In any case, I feed off comedy intellectually and I try to make my own writing for children as funny as possible. Making people laugh is such a tricky and skilful art. It requires great discipline and most importantly, requires a truly miserable bastard to do it properly. Only the brutally honest, anti-social arsehole can sit as an outsider and find the funny in everyday things, the woefully crap and irritatingly ghastly. You have to have the troughs of the emotional rollercoaster to see the negative and turn it into comedy gold and then you have to have the heady peaks to perform or write it with enthusiasm and energy. I’m not talking about the rollercoaster of the bi-polar here. I’m talking about the full range – both highs and lows - of normal adult emotion.

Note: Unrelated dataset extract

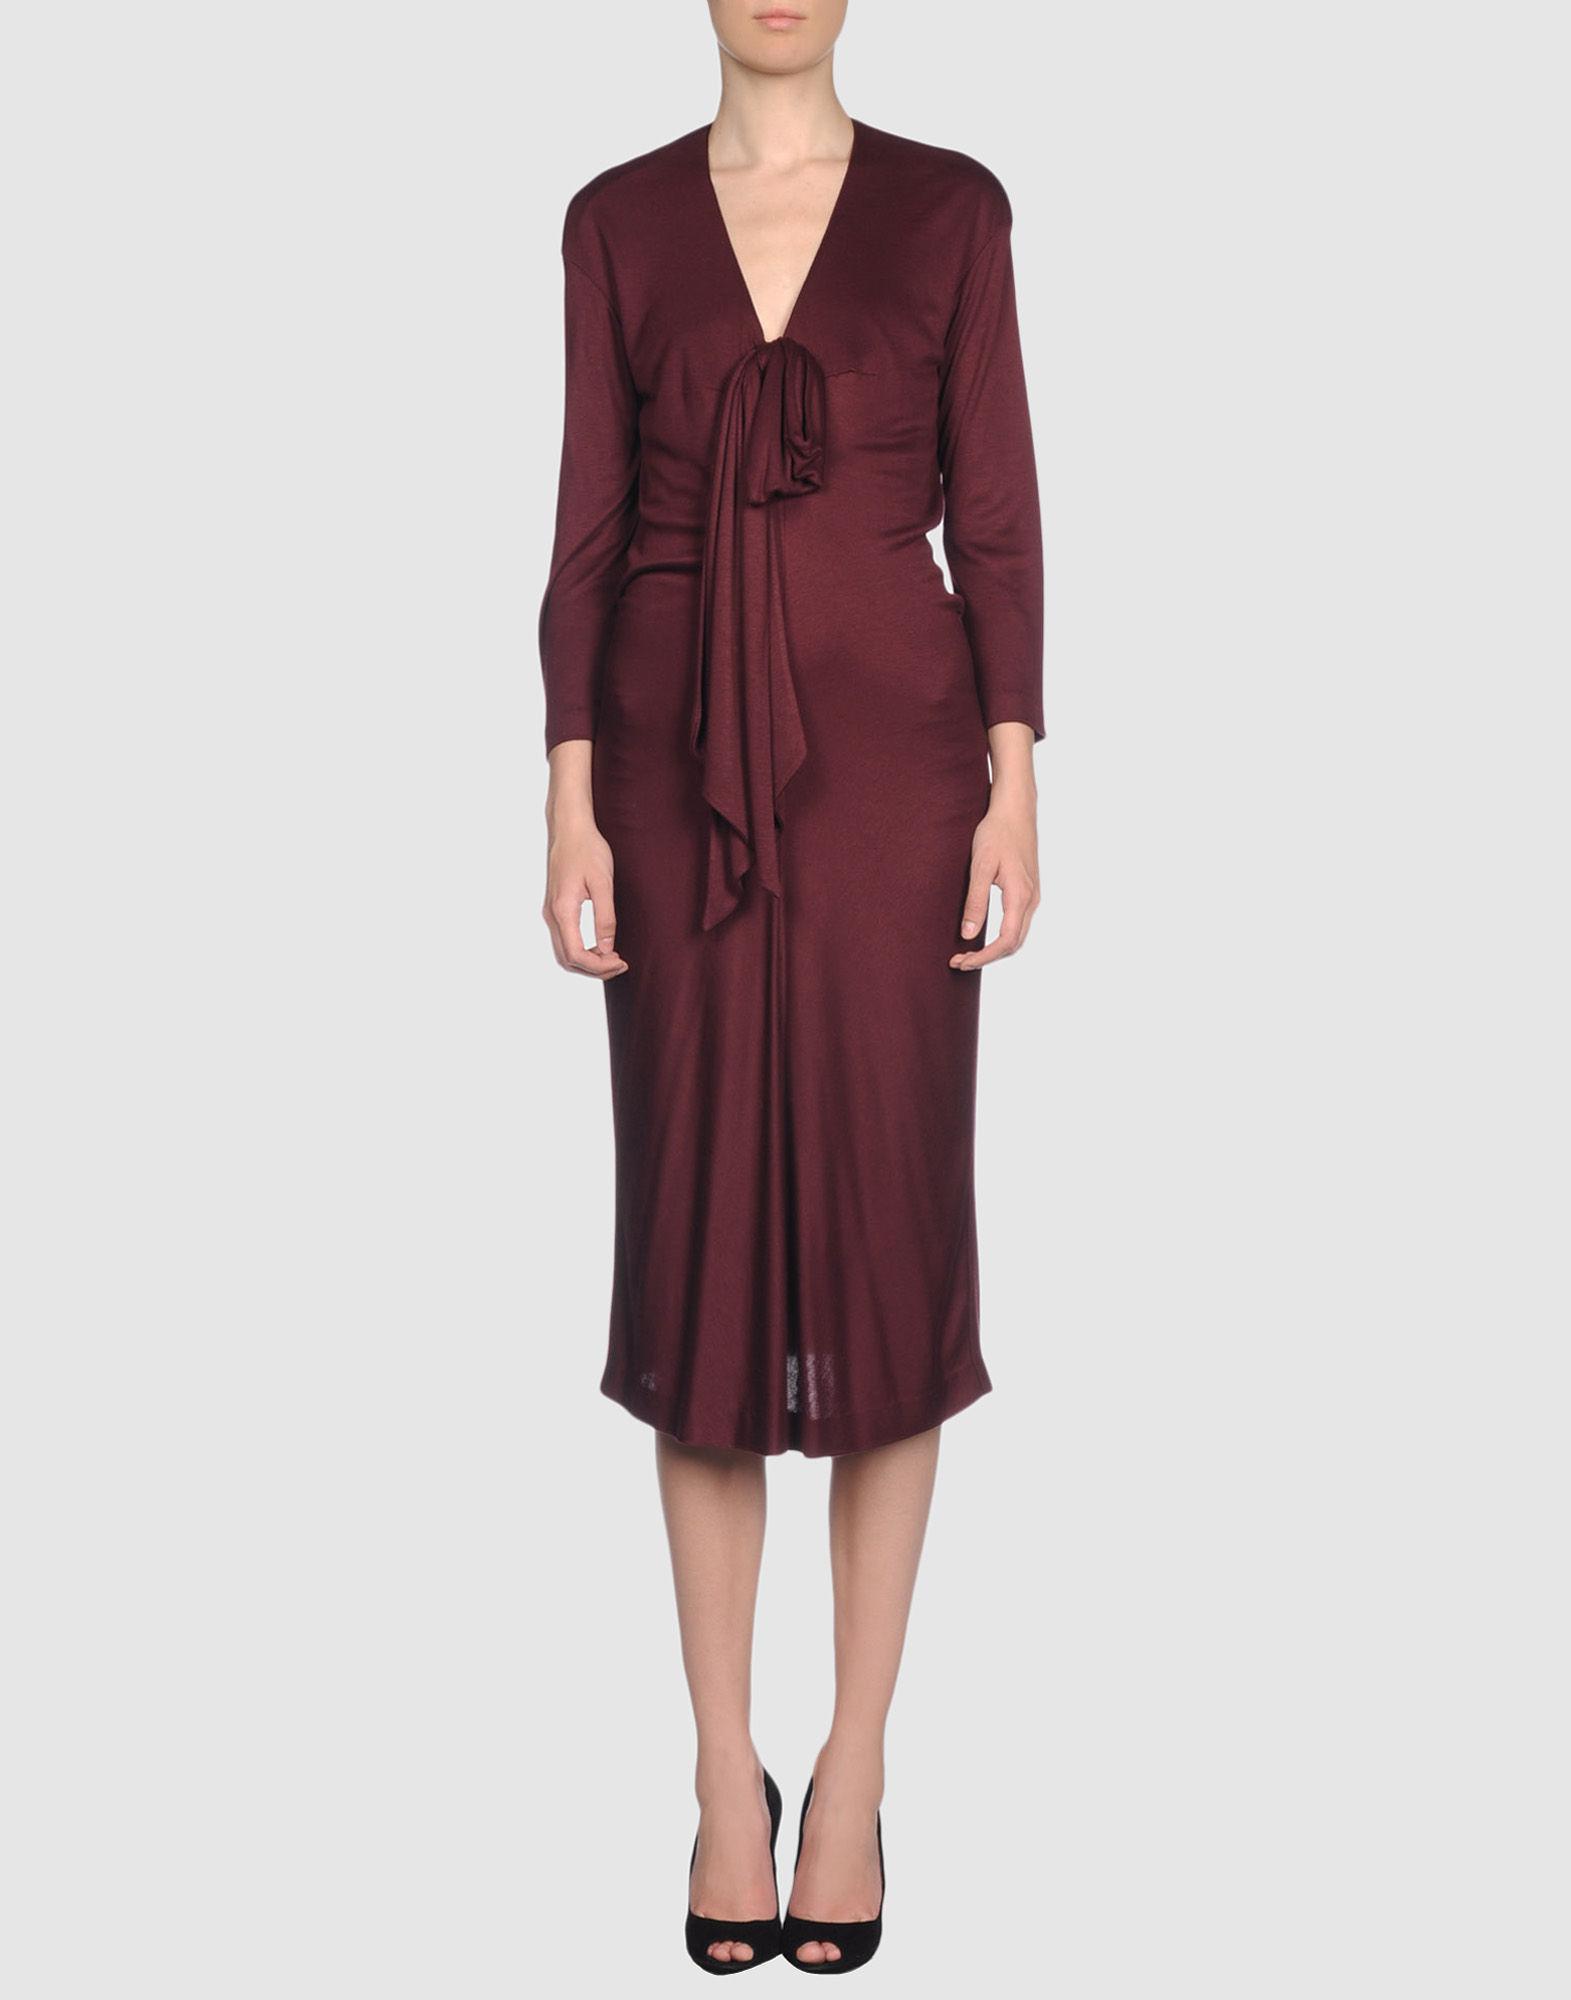 34209935IO 14 f - Βραδυνα Φορεματα Yves Saint Laurent Rive Gauche Κωδ.36
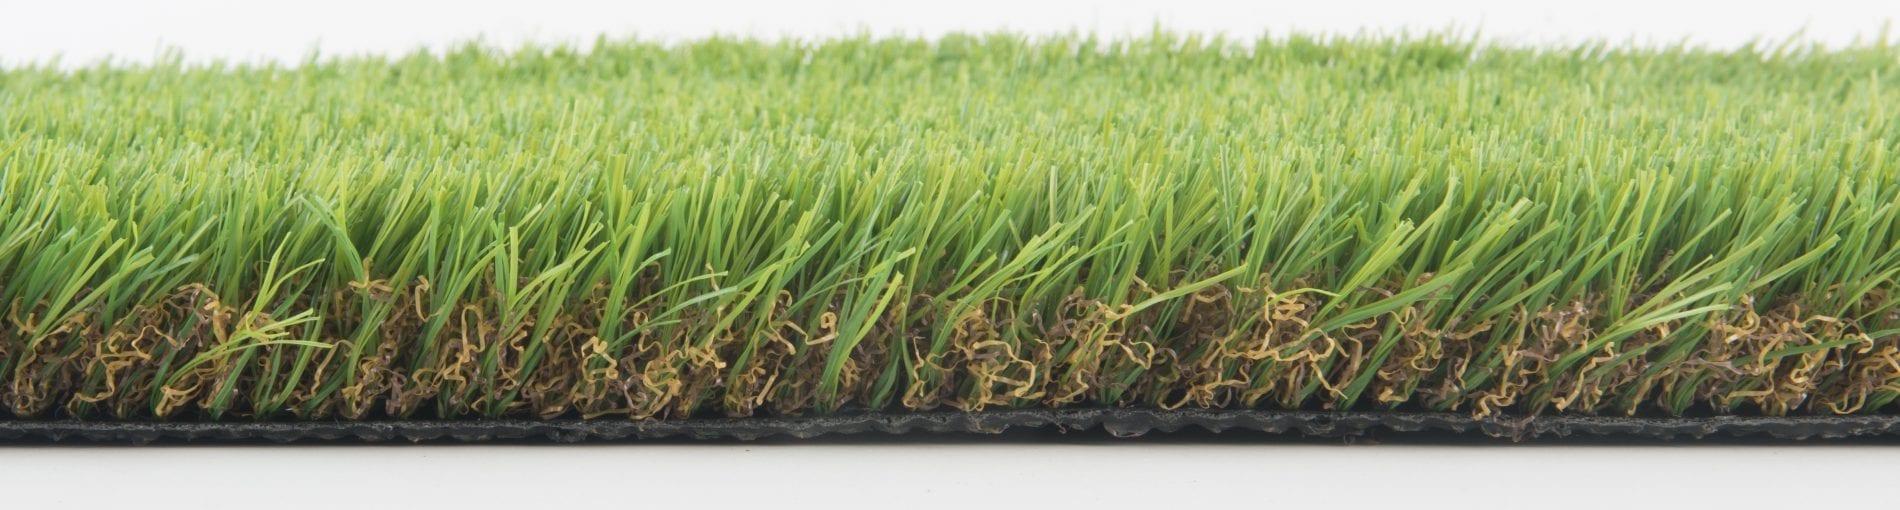 EDEN Artificial Lawn

At the weekend, I had a debate with someone about writing critically about life. And my thoughts are this: nobody wants to hear streams of tambourine smacking, flag waving, evangelical bullshit about your life. If all you do is boast: how brilliant you are, how fucking genius your children are, how immensely gymnastic and fulfilling your sex life is, how firm and fragrant your turds come out, how fast and quality your car is, how well paid your job is, how lucky you are to be God’s chosen Alpha Male or Female and how gorgeous you are, inside and out, then people are going to want to punch you. You’re lying. Plain and simple. And nobody wants to hear that shit. Life just isn’t like that. Optimism should always be tempered by healthy cynicism. And for those people who do only see the anodyne, the bouncy and the fluffy in life, perhaps you are emotionally crippled or on valium.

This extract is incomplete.